Doctors, nurses and other healthcare staff who may have direct contact with patients’ blood are recommended to have the hepatitis B vaccine, while many employers require it.

Mr Hancock continued: ‘There’s a duty of care that people have if you work in an elderly care home. After all, residents of elderly care homes that are the most vulnerable of all to Covid.’

He was speaking after a paper submitted to the Covid-19 Operations Cabinet sub-committee last week was leaked to the Telegraph and published. It showed Prime Minister Boris Johnson and health and social care secretary Matt Hancock requested the legal change.

The proposed move, likely just for England, comes amid concern at low Covid vaccine uptake among care home staff who work with populations particularly vulnerable to the virus.
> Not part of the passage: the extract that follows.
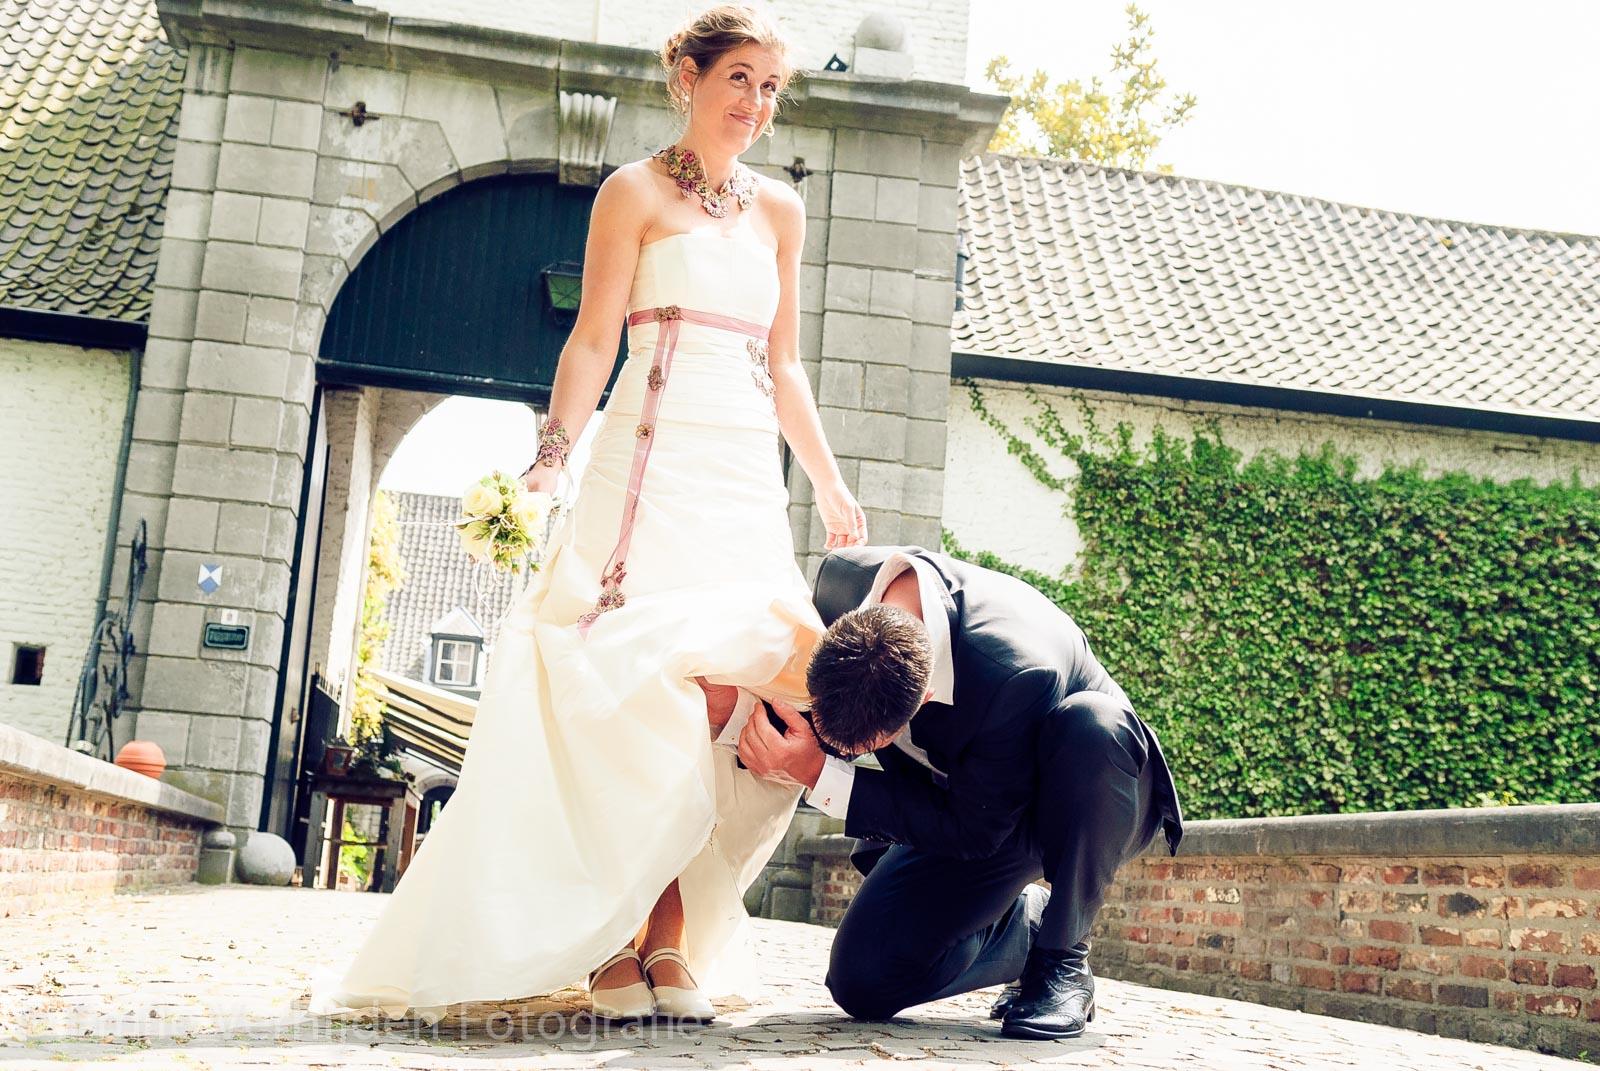 Bruidegom kijkt onder rok van bruid Kasteel Daelenbroeck-Herkenbosch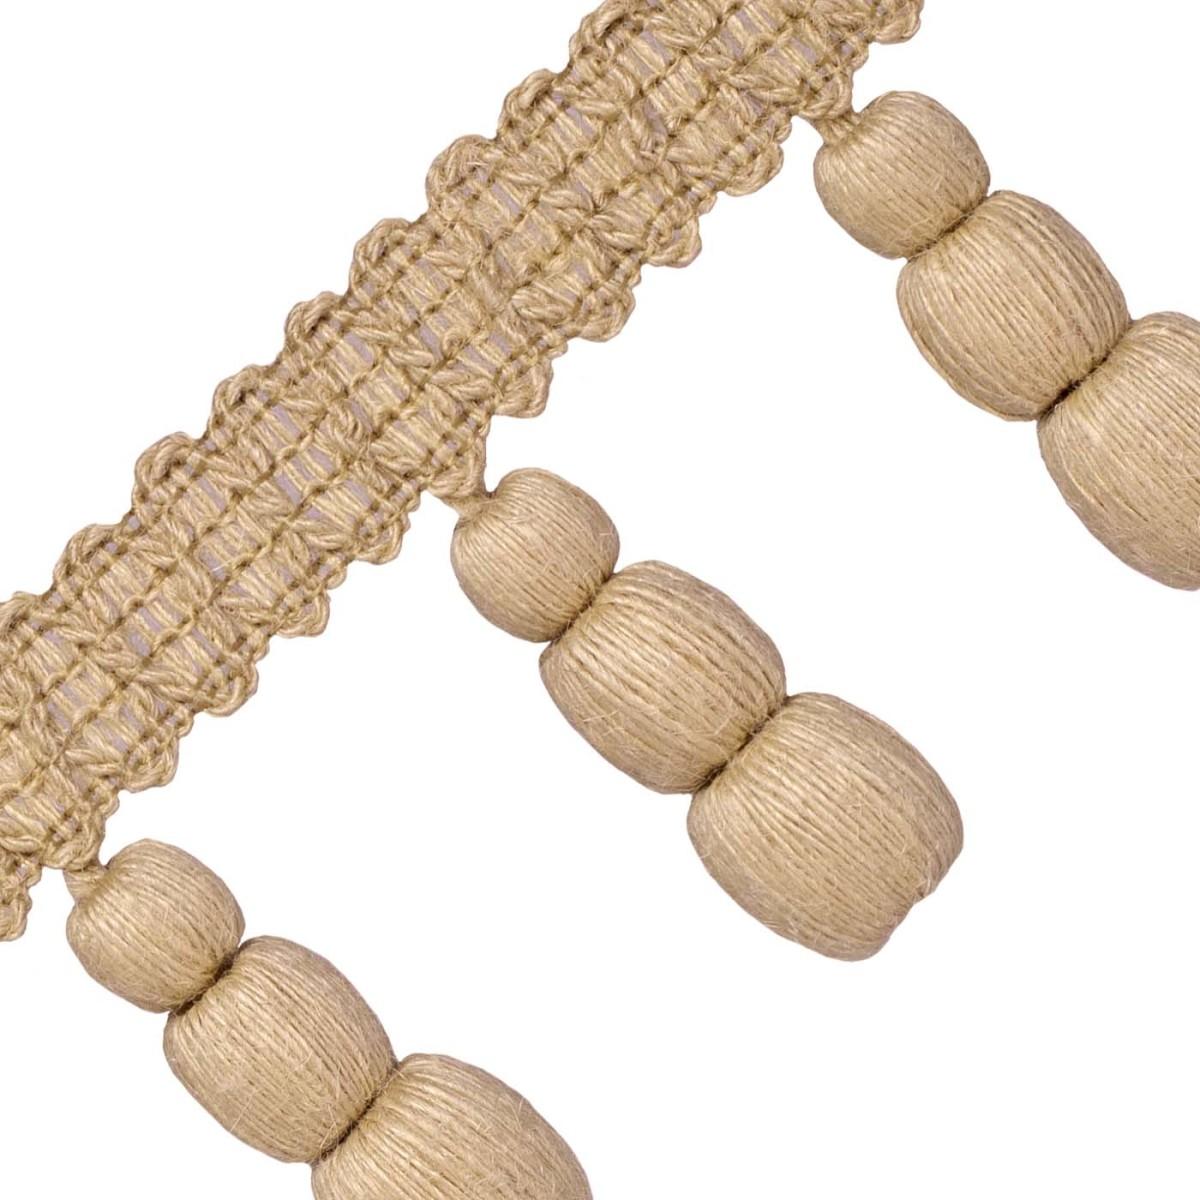 1yd  LEE JOFA Quincy Ice Hand Crafted Tassel Ball Fringe Passementerie Trim BTY

The latest NHS Digital figures, from 18 March, show 75.6% of eligible staff in older adult care homes have been vaccinated.

But the sub-committee paper, drafted by the Department of Health and Social Care, also predicted that ‘large’ numbers of social care workers may quit if the change is made and that lawsuits on human rights grounds could be possible.  

The paper is reported to have said: ‘The Prime Minister and the secretary of state have discussed on several occasions the progress that is being made to immunise social care workers against Covid-19 and have agreed – in order to reach a position of much greater safety for care recipients – to put in place legislation to require vaccinations among the workforce.’

But Mr Hancock added to the Today programme: ‘This is something that we’re considering but we haven’t made a final decision on, and we do want to hear from care homes and indeed care home staff on this question.’

In a tweet yesterday, Trades Union Congress general secretary Frances O’Grady warned such a suggested law change could be ‘discriminatory’ and damage trust and employee relations.

She added: ‘Employers should encourage their workers to get vaccinated and make it as easy as possible – for example, by giving paid time off for appointments.’

Another report this month of a government plan to force all NHS and care staff in England to get vaccinated was also criticised as ‘sinister’ by Unison.

The union’s general secretary Christina McAnea said: ‘Forced vaccinations are the wrong way to go and send out a sinister and worrying message.’

Last month, minister for Covid vaccine deployment Nadhim Zahawi called similar ideas for compulsory vaccination ‘discriminatory’ while explaining why the Government was not considering introducing vaccine passports proving an individual has been inoculated.